Мужчина, женщина, ребенок Сигал Эрик
— Да, мистер Беквит.
— Насколько серьезен перитонит?
— Как вам сказать… У маленьких детей это штука довольно рискованная.
— То есть? Дело может кончиться плохо?
— Ммм… иногда у маленьких детей…
— О боже!
— Доктор Шелтон великолепный хирург, мистер Беквит.
— И все же не исключено, что он может умереть?
— Да, мистер Беквит, — тихо сказал врач.
— Алло, Шейла?
— Роберт! Я страшно беспокоюсь. Как он?
— У него аппендицит. Сейчас идет операция.
— Может, мне приехать?
— Нет. Не нужно. Оставайся с девочками. Я позвоню. Как только что-нибудь выяснится.
— Он поправится? — спросила она, чувствуя по голосу, что Роберт в ужасе.
— Да, конечно поправится, — отвечал он, пытаясь своей притворной уверенностью убедить хотя бы ее.
— Ладно, как только что-то выяснится, сразу же позвони. Пожалуйста, милый. Девочки тоже очень беспокоятся.
— Да, да. Не волнуйтесь. Передай им от меня привет.
Роберт положил трубку, вернулся на свой стул и уронил голову на руки. И наконец дал волю глубокому отчаянию, которое в течение последних шести часов каким-то чудом удавалось подавить.
27
— Блестящий доклад, Роберт, — сказал Робин Тэйлор из Оксфорда.
— Comme d'habitude[22], — сказал Рене Монкурже из Сорбонны.
— Особенно, если учесть ваше долгое и трудное путешествие, — добавил Даниэль Моултон, шеф представительства корпорации IBM в Монпелье. — Одна только поездка сюда во время всех этих забастовок — прямо-таки геройский подвиг.

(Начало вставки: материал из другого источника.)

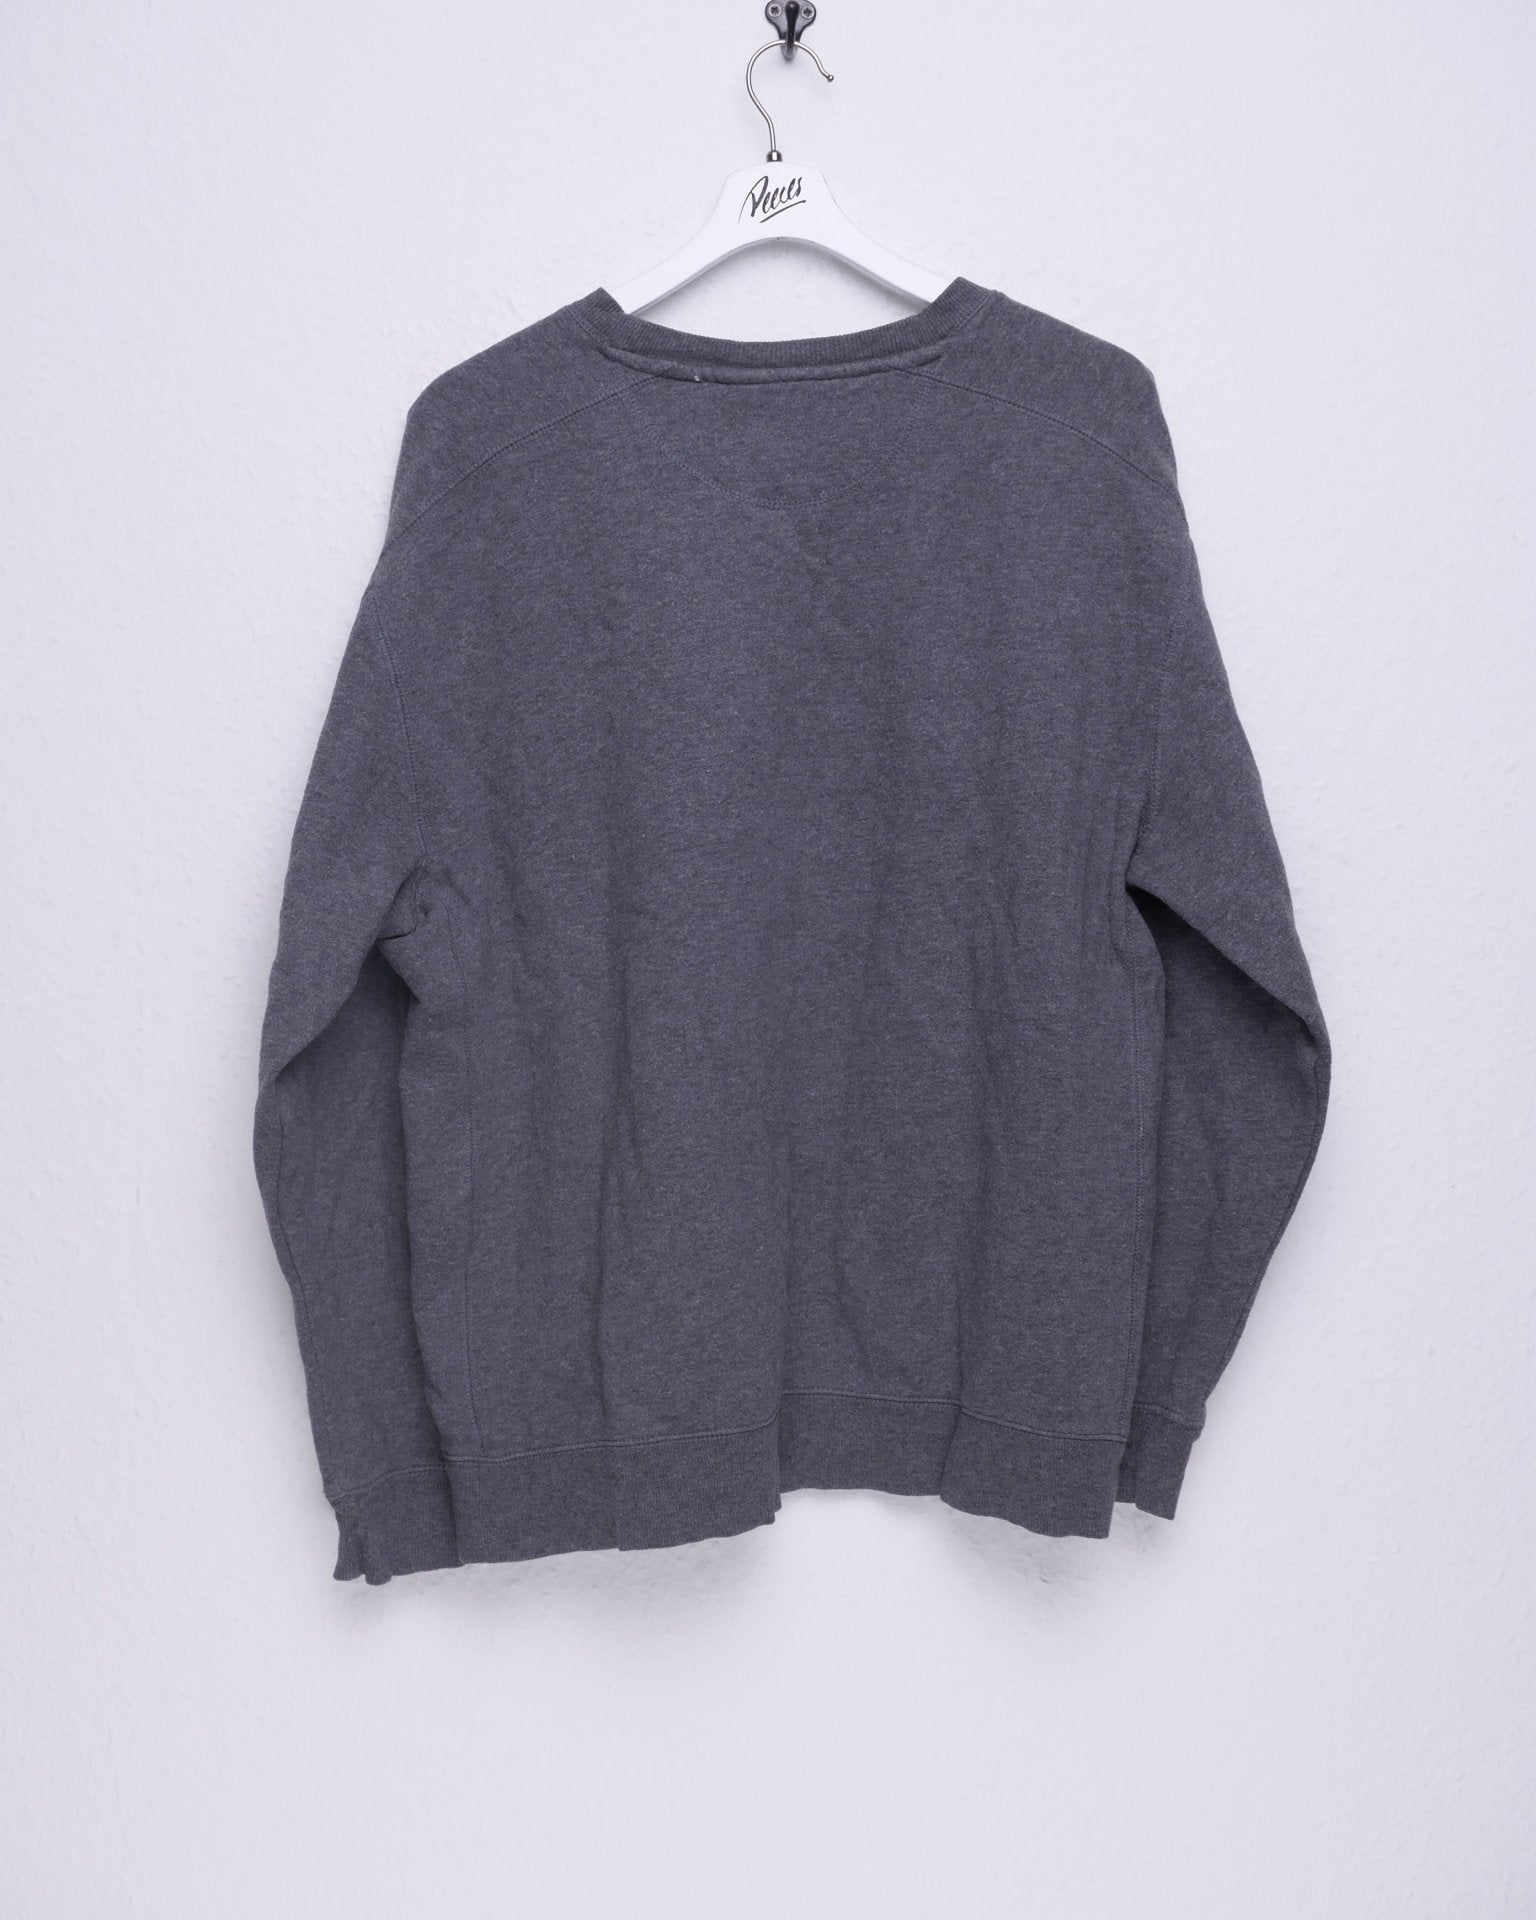 Starter embroidered Logo basic grey oversized Sweater - Peeces

Да, поездка на юг Франции в бурные дни мая 1968 года была для Роберта Беквита подвигом, достойным Геркулеса. Причем труднее всего оказалась не необходимость лететь в Барселону, чтобы на взятом там напрокат автомобиле-развалюхе перебираться через Пиренеи, а потом пилить до самого Монпелье, а то, что эту поездку пришлось совершить в обществе коллеги по имени Герберт Гаррисон.
Ибо вместо того, чтобы восхищаться природой и красотой Средиземного моря, Гаррисон непрерывно разглагольствовал об университетских делах, и главным образом о том, почему он не любит своих коллег.
— Конечно, кроме вас, Роберт. Вы всегда ко мне хорошо относились. И я был неизменно лоялен вам. Разве я когда-нибудь жаловался, что по праву старшинства возглавлять кафедру следовало мне? Нет, это все наши несчастные коллеги, эти ничтожные зануды. Кого, в сущности, французы пригласили на этот конгресс? И знаете, что этот кретин Джемисон сказал мне перед отъездом?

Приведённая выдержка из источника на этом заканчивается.